About this exercise: From the data below, retype exactly the lines starting with the one that contains "Pink smart car" and ending with the one that contains "Bottleneck results by", both included.

Exercise inputs:
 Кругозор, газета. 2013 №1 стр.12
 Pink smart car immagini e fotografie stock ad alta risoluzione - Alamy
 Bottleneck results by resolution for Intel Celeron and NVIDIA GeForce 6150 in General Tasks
--
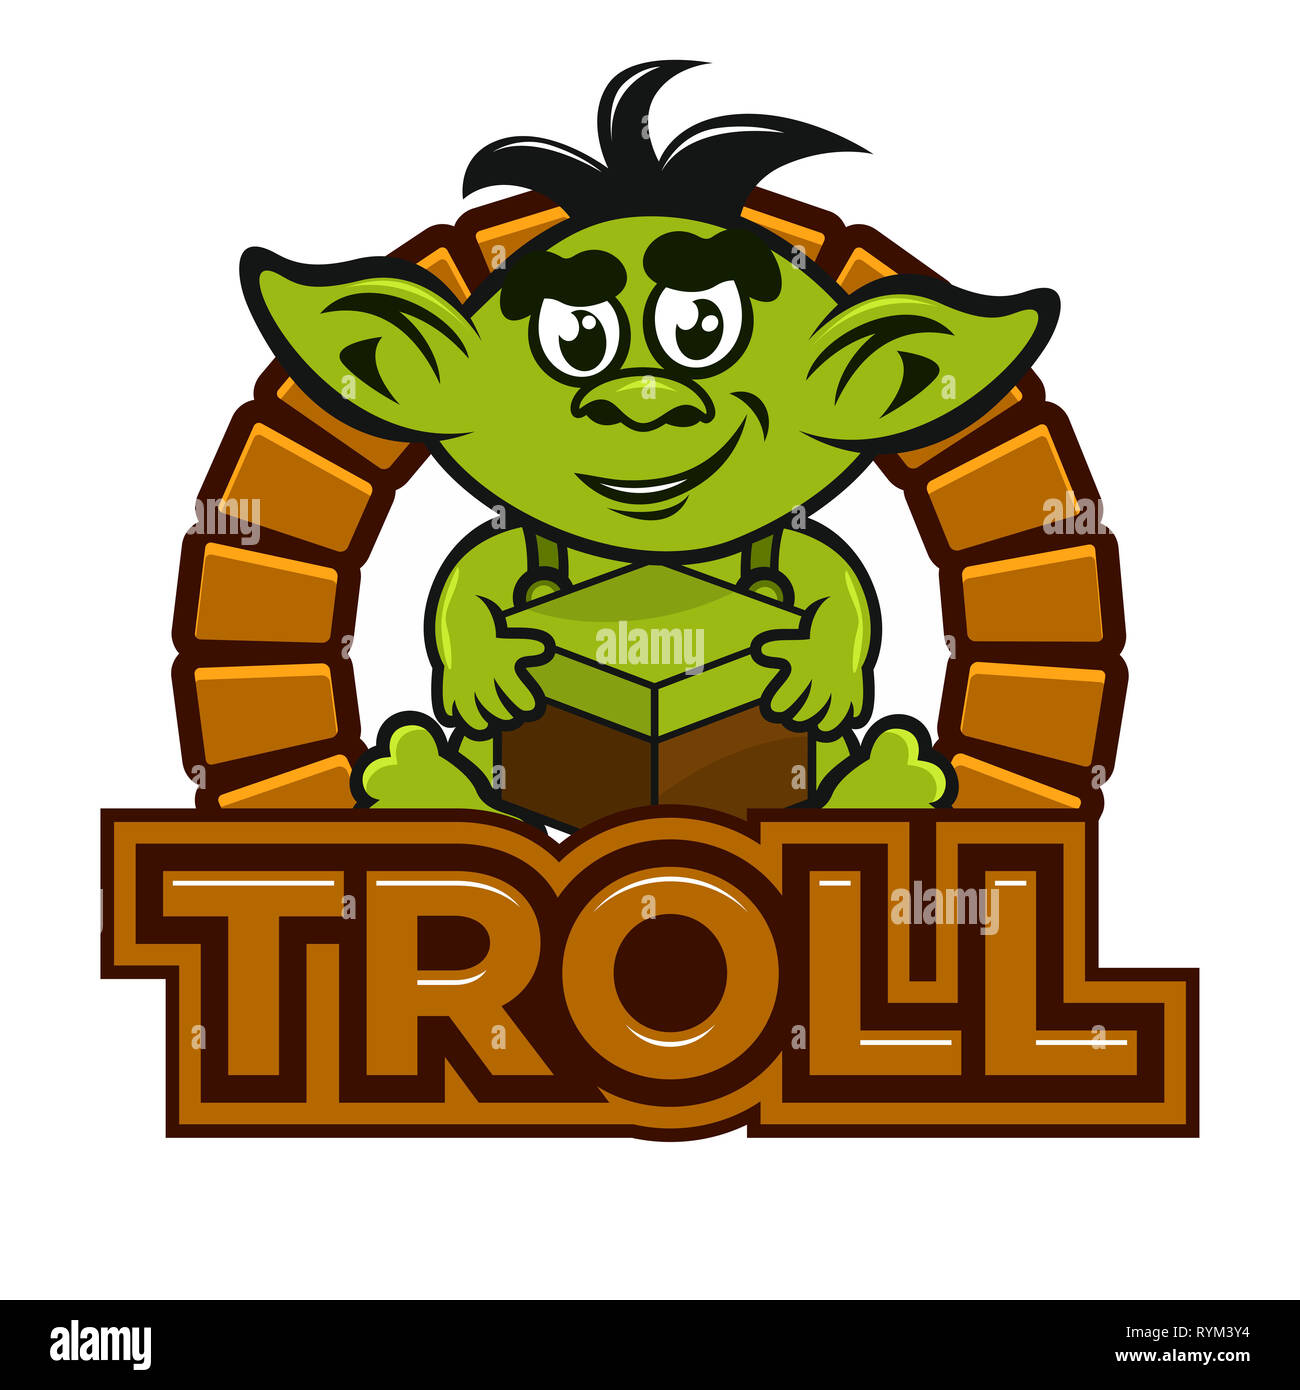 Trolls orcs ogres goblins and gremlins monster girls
==
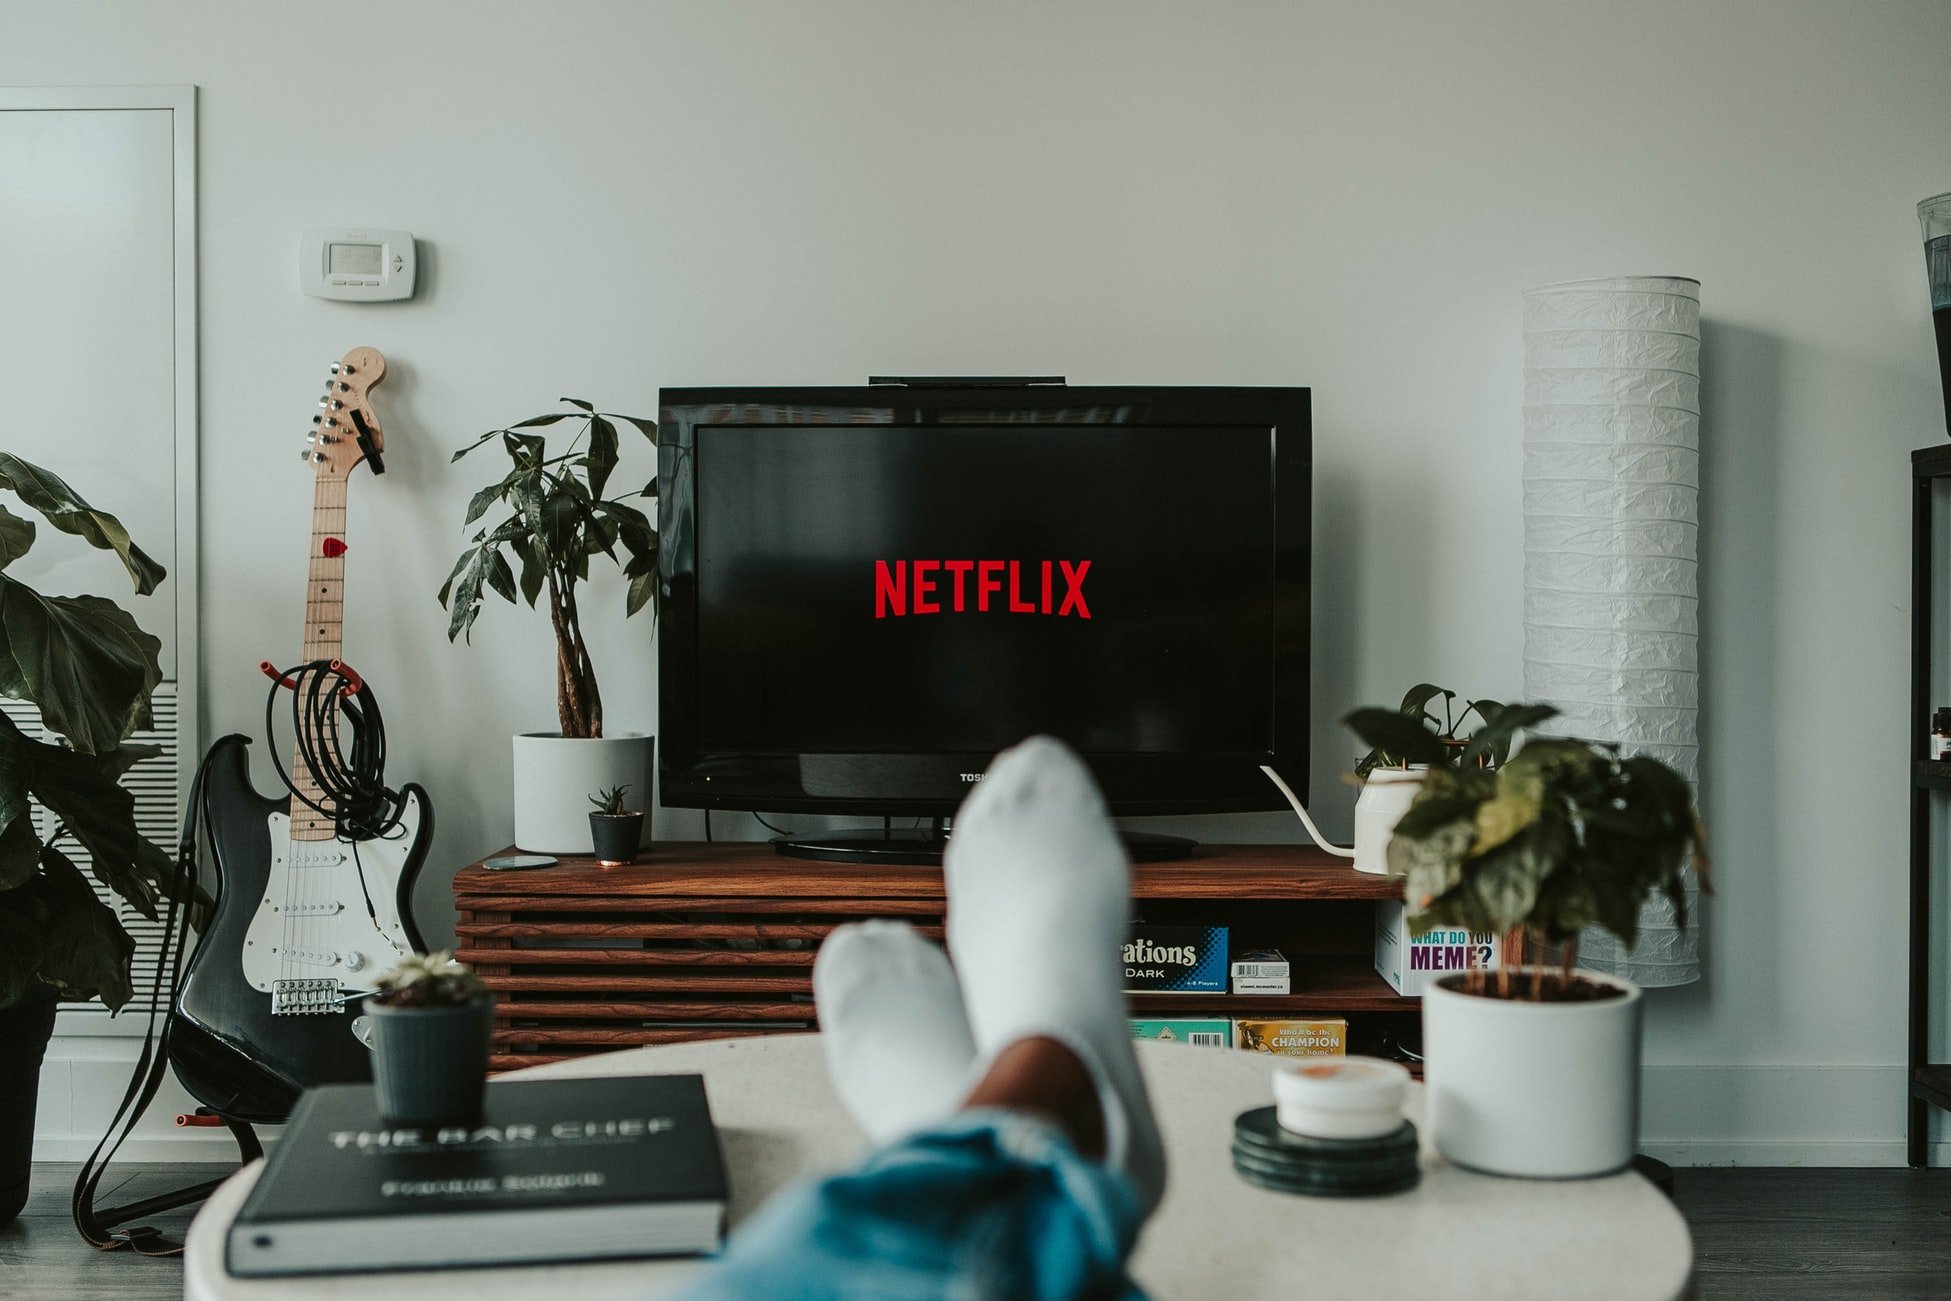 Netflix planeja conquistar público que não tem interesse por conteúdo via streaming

Written answer:
 Pink smart car immagini e fotografie stock ad alta risoluzione - Alamy
 Bottleneck results by resolution for Intel Celeron and NVIDIA GeForce 6150 in General Tasks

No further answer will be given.